Unsupervised consensus clustering grouped together patients with similar morphology or mutations into 5 morphological and 8 genetic profiles
Machine learning techniques interrogated interdependencies among morphologic features and potential associations with mutations and survival
Morphological interpretation is the standard in diagnosing myelodysplastic syndrome (MDS), but it has limitations, such as varying reliability in pathologic evaluation and lack of integration with genetic data. Somatic events shape morphologic features, but the complexity of morphologic and genetic changes make clear associations challenging. This article interrogates novel clinical subtypes of MDS using a machine learning technique devised to identify patterns of co-occurrence among morphologic features and genomic events. We sequenced 1,079 MDS patients and analyzed bone marrow morphological alterations and other clinical features.
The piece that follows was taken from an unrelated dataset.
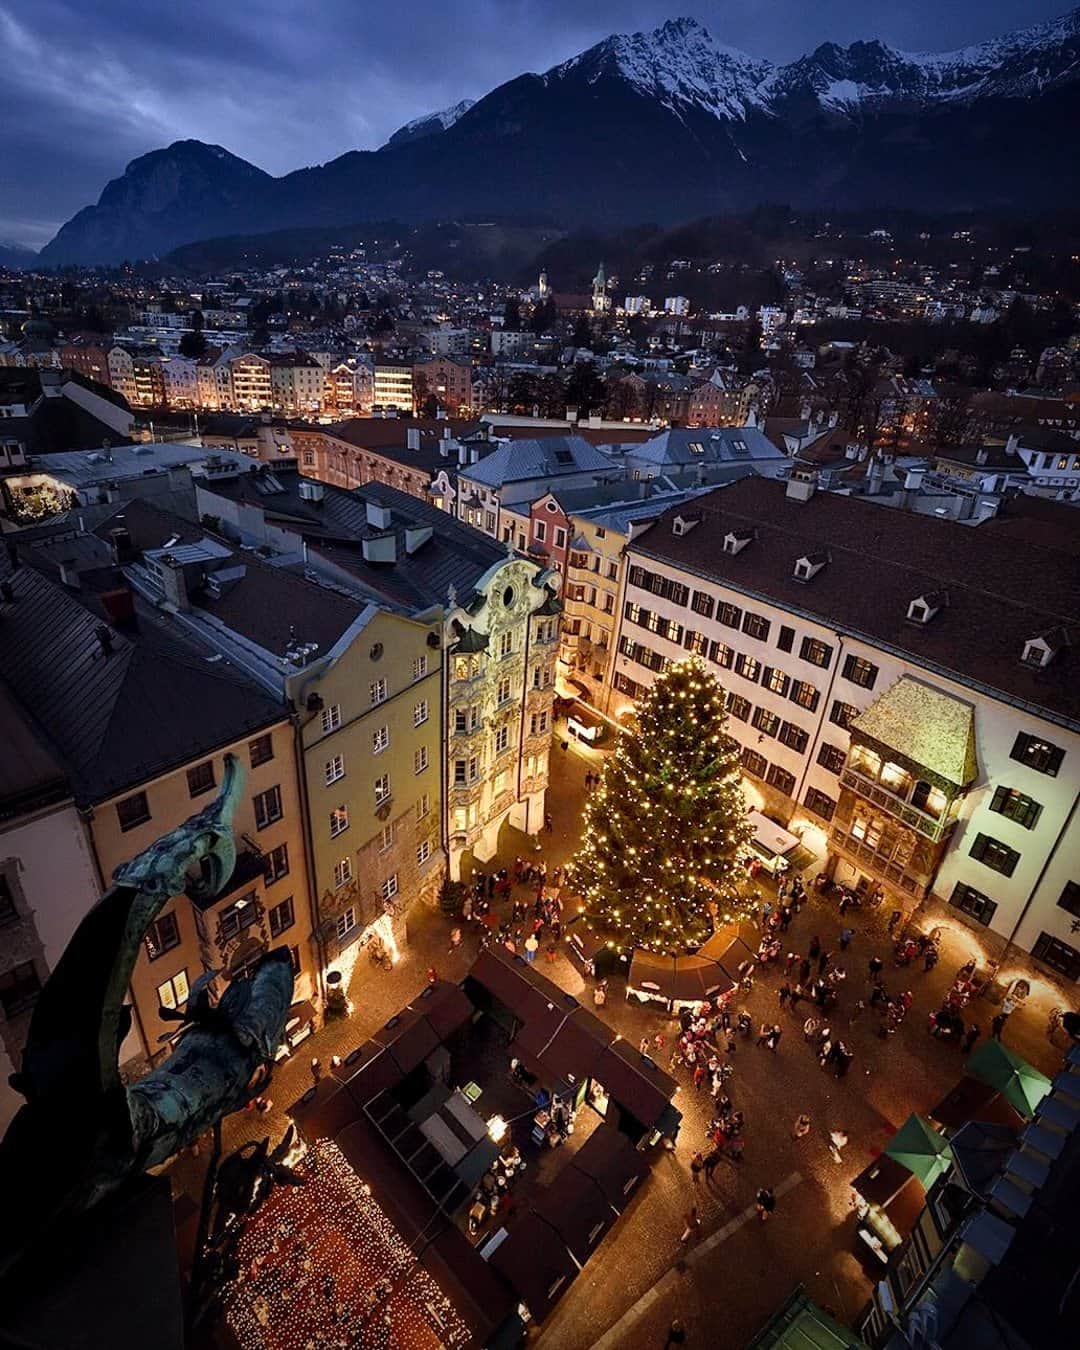 National Geographic Travelのインスタグラム：「Photo by Robbie Shone @shonephoto | Festive shoppers enjoy the Christmas markets in the Old Town of Innsbruck, Austria, set against the Alps. Next to the giant trimmed tree is the Golden Roof, a landmark structure built in 1500 for Emperor Maximilian I.」

A total of 1,929 somatic mutations were identified. Five distinct morphologic profiles with unique clinical characteristics were defined. 77% of higher-risk patients clustered in profile-1. All lower-risk patients clustered into the remaining 4 profiles: profile-2 was characterized by pancytopenia, profile-3 by monocytosis, profile-4 by elevated megakaryocytes, and profile-5 by erythroid dysplasia. These profiles could also separate patients with different prognosis. Lower-risk MDS patients were classified into eight genetic signatures (e.g. signature-A had TET2 mutations, signature-B had both TET2 and SRSF2 mutations and signature-G had SF3B1 mutations) demonstrating association with specific morphologic profiles. Six morphologic profiles/genetic signatures' associations were confirmed in a separate analysis of an independent cohort. Our study demonstrates that non-random or even pathognomonic relationships between morphology and genotype to define clinical features can be identified. This is the first comprehensive implementation of machine learning algorithms to elucidate potential intrinsic interdependencies among genetic lesions, morphologies, and clinical prognostic in attributes of MDS.